What taint analysis finds that pattern matching cannot

Fee manipulation:

// No pattern matches this — no obvious vulnerability keyword
let fee = amount * fee_rate / 10000;
// But if fee_rate is read from a user-supplied config account (UserSuppliedUnverified)
// then fee is tainted, and if fee is subtracted from a protected amount,
// attacker controls their own fee → fee extraction attack

Overflow through taint chain:

let reward = staked_amount * reward_rate;
// If staked_amount is u64 and reward_rate comes from a writable config
// that lacks authority checks → reward_rate is tainted
// → reward calculation is tainted and could overflow to near-zero

Invariant bypass via tainted require! argument:

require!(vault.balance >= withdrawal_amount, ErrorCode::Insufficient);
// If vault.balance can be manipulated by a prior instruction (taint reaches it)
// then this require! can be made to pass with any withdrawal_amount

TaintFlow type

pub struct TaintFlow {
    pub id: String,
    pub source: TaintSource,
    pub source_location: (String, usize),  // (file, line)
    pub sink: TaintSink,
    pub sink_location: (String, usize),
    pub path: Vec<TaintHop>,              // each propagation step
    pub severity: Severity,               // Critical if reaches transfer/authority
}

pub enum TaintSource {
    InstructionParam { param_name: String, param_type: String },
    UnverifiedAccount { account_name: String, instruction: String },
    TaintedStateField { field_path: String },
}

pub enum TaintSink {
    TokenTransferAmount,
    AuthorityKeyComparison,
    PdaSeedComponent,
    RequireCondition { condition: String },
    StateMutation { field_path: String },
}

6. Stage 4 — Invariant Mining

File: backend/src/invariant.rsNEW in v4

Extracts the security invariants the program author intended to enforce, then checks whether they can be violated.

What an invariant is

Every require!() call is a security invariant:

require!(vault.balance >= amount, VaultError::InsufficientFunds);
// Invariant: vault.balance is always >= the withdrawal amount
// Intended protection: prevents over-withdrawal

require!(pool.authority == ctx.accounts.authority.key(), PoolError::Unauthorized);
// Invariant: only the stored authority can perform this action
// Intended protection: access control

What ChainProbe checks for each invariant

1. Can the condition be tainted? Using taint analysis results from Stage 3, check whether any variable in the condition is reachable by an attacker-controlled value. If vault.balance can be set by an attacker (because a prior instruction has no authority check), then the invariant is bypassable.

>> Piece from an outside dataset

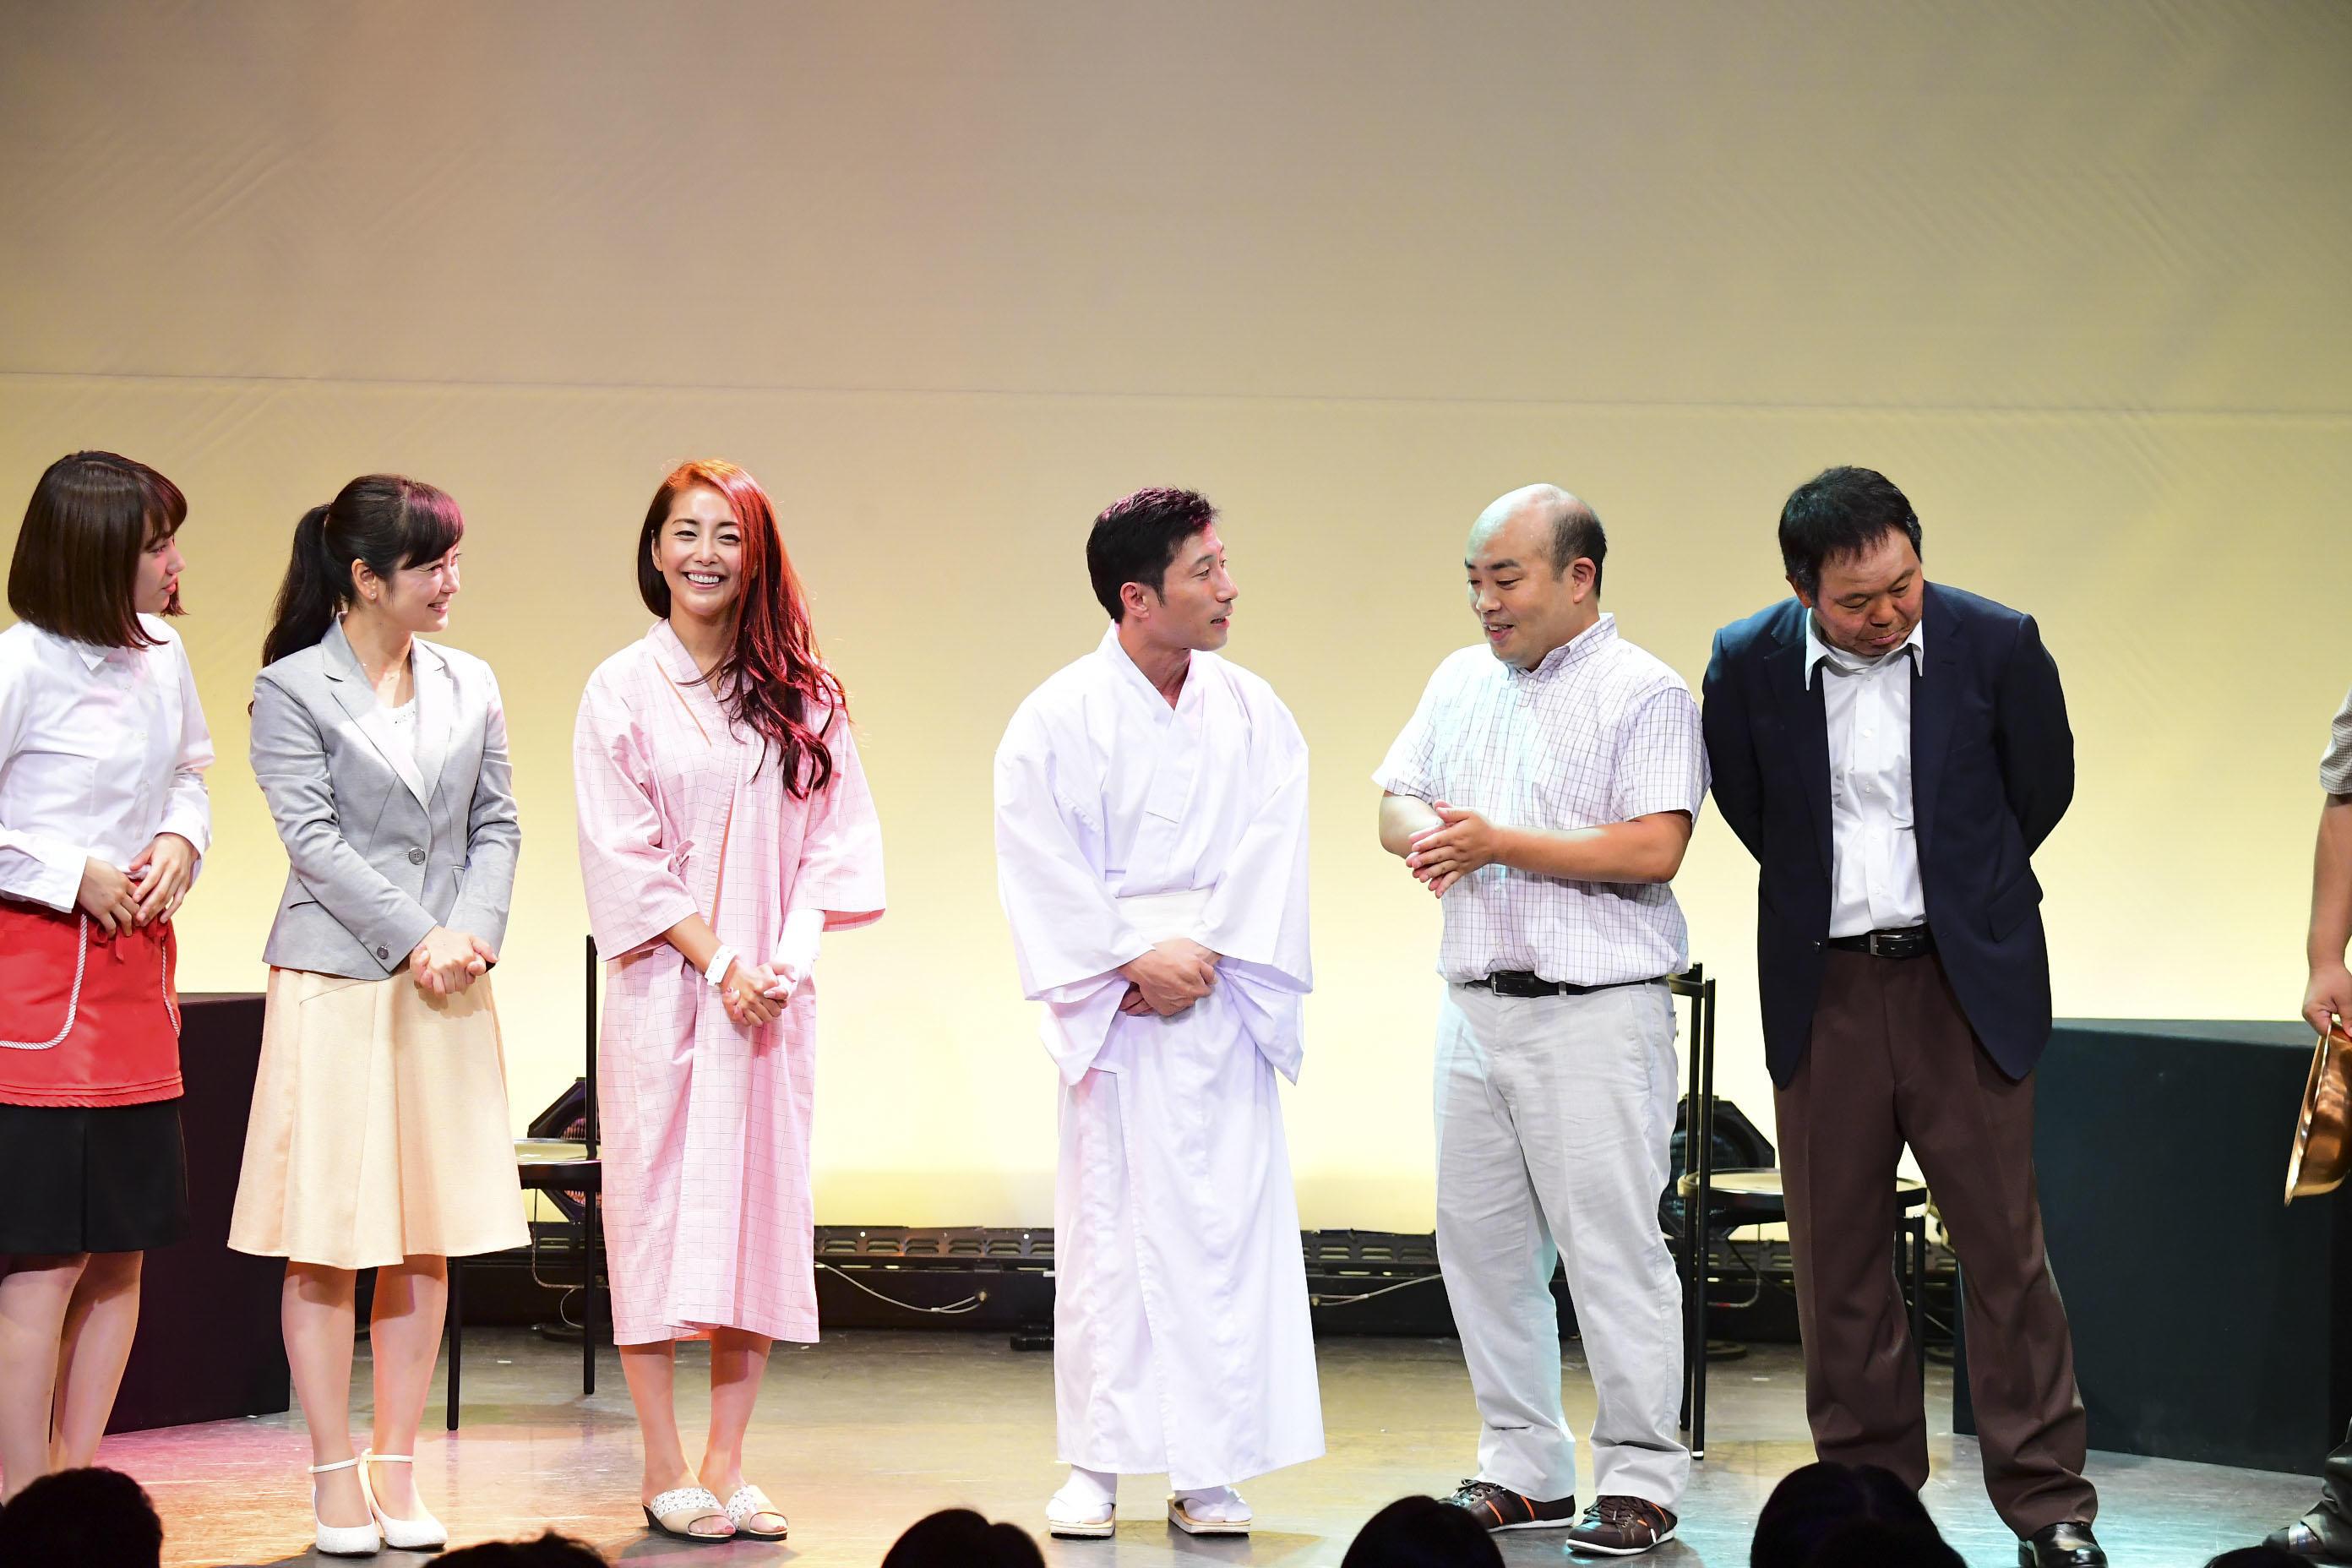 http://news.yoshimoto.co.jp/20170805013424-aa16ebf7dd6ee3e325127e0684e2d7fb59f2f9ff.jpg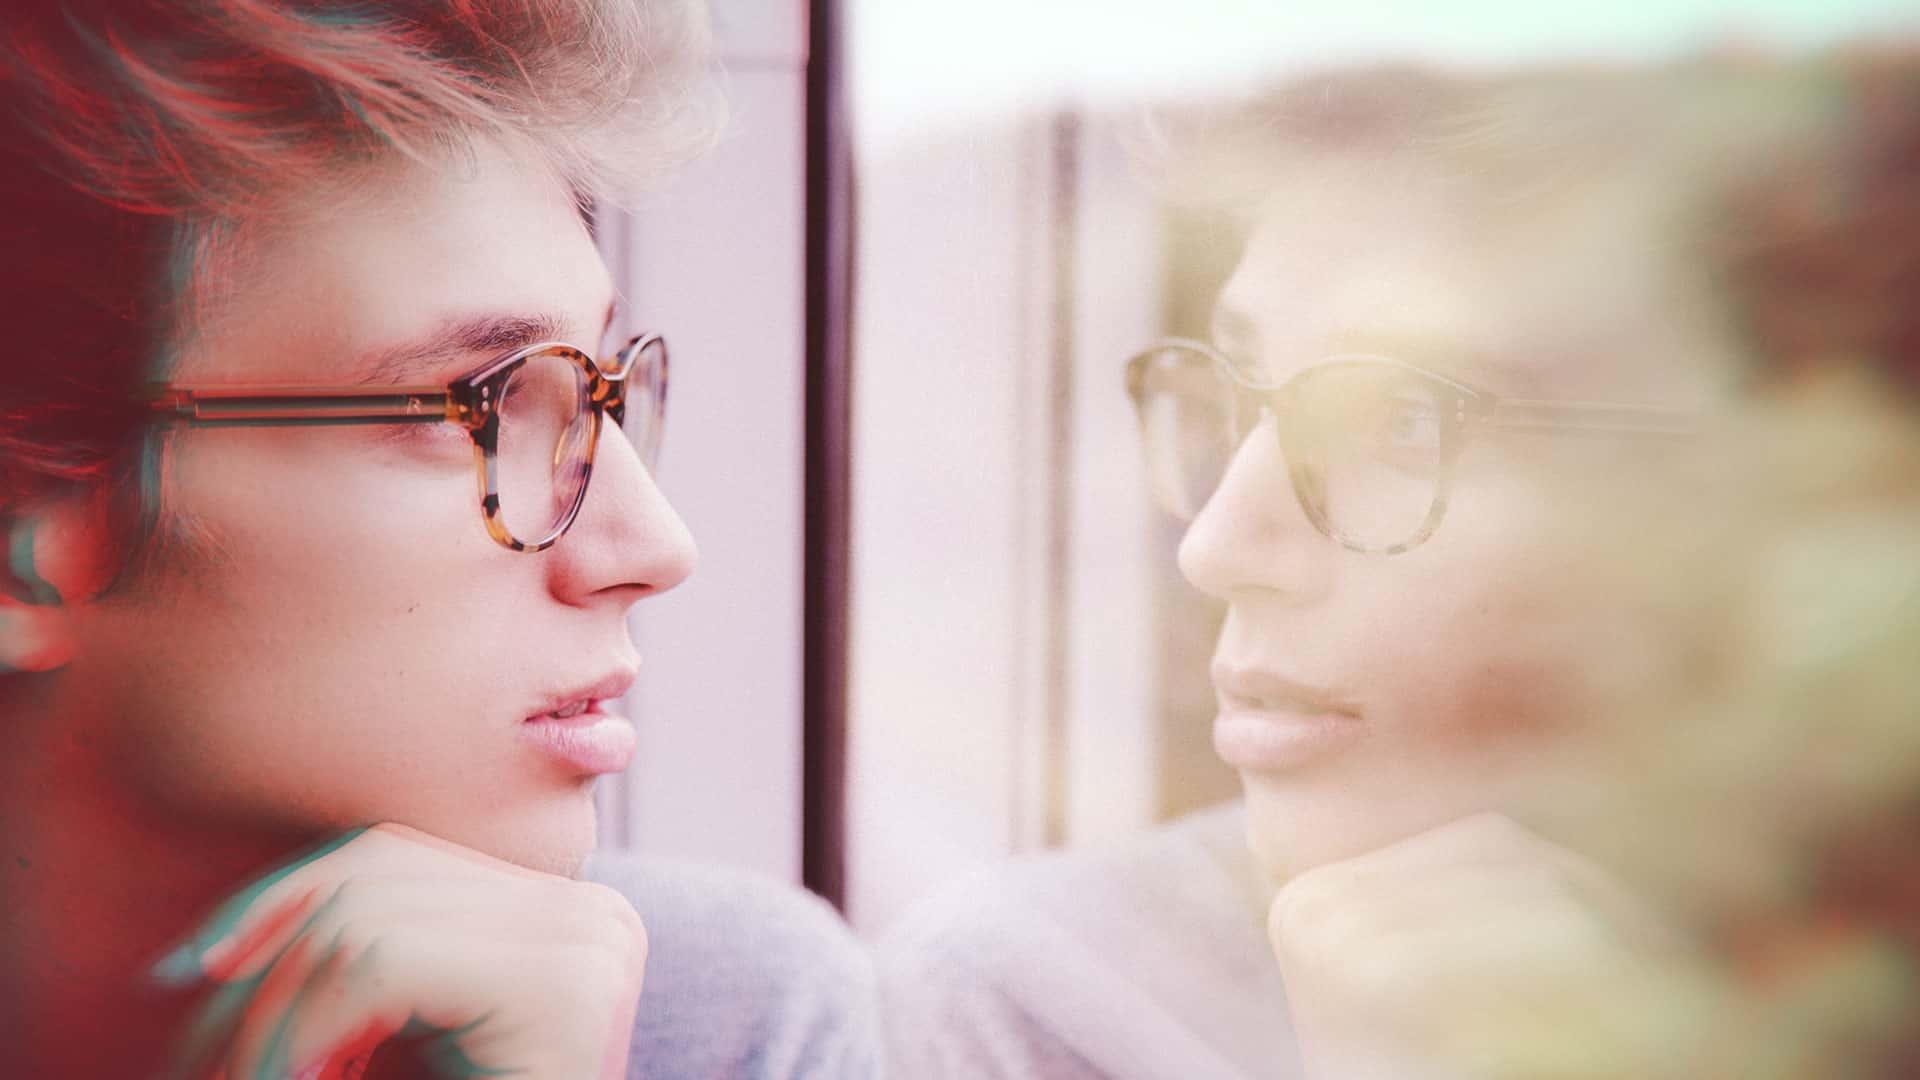 homme avec des lunette qui se regarde dans une vitre , on voit son reflet

2. Does the invariant apply in all instructions? If require!(pool.authority == ...) exists in withdraw but not in update_config, and both operate on the same pool account, then the protection is incomplete.

3. Are there ordering attacks? If invariant A depends on state set by instruction X, and there's no guarantee instruction X has run before A is checked, then A can be bypassed by calling the protected instruction before X.

InvariantStatus

pub struct ProgramInvariant {
    pub id: String,
    pub condition: String,          // The actual require!() expression
    pub file: String,
    pub line: usize,
    pub instruction: String,
    pub protects: String,           // What ChainProbe infers this protects
    pub status: InvariantStatus,
    pub bypass_path: Option<String>,// How it can be bypassed, if applicable
}

pub enum InvariantStatus {
    Holds,          // No bypass path found
    Bypassable,     // Taint analysis found a way to violate it
    Incomplete,     // Not enforced in all relevant instructions
    OrderingRisk,   // Can be bypassed by instruction ordering
}

7. Stage 5 — Call Graph & CPI Analysis

File: backend/src/call_graph.rsNEW in v4

Builds the actual call graph: which instructions invoke which other programs, what accounts flow through CPIs, and what the minimum attacker footprint is to reach each security-sensitive operation.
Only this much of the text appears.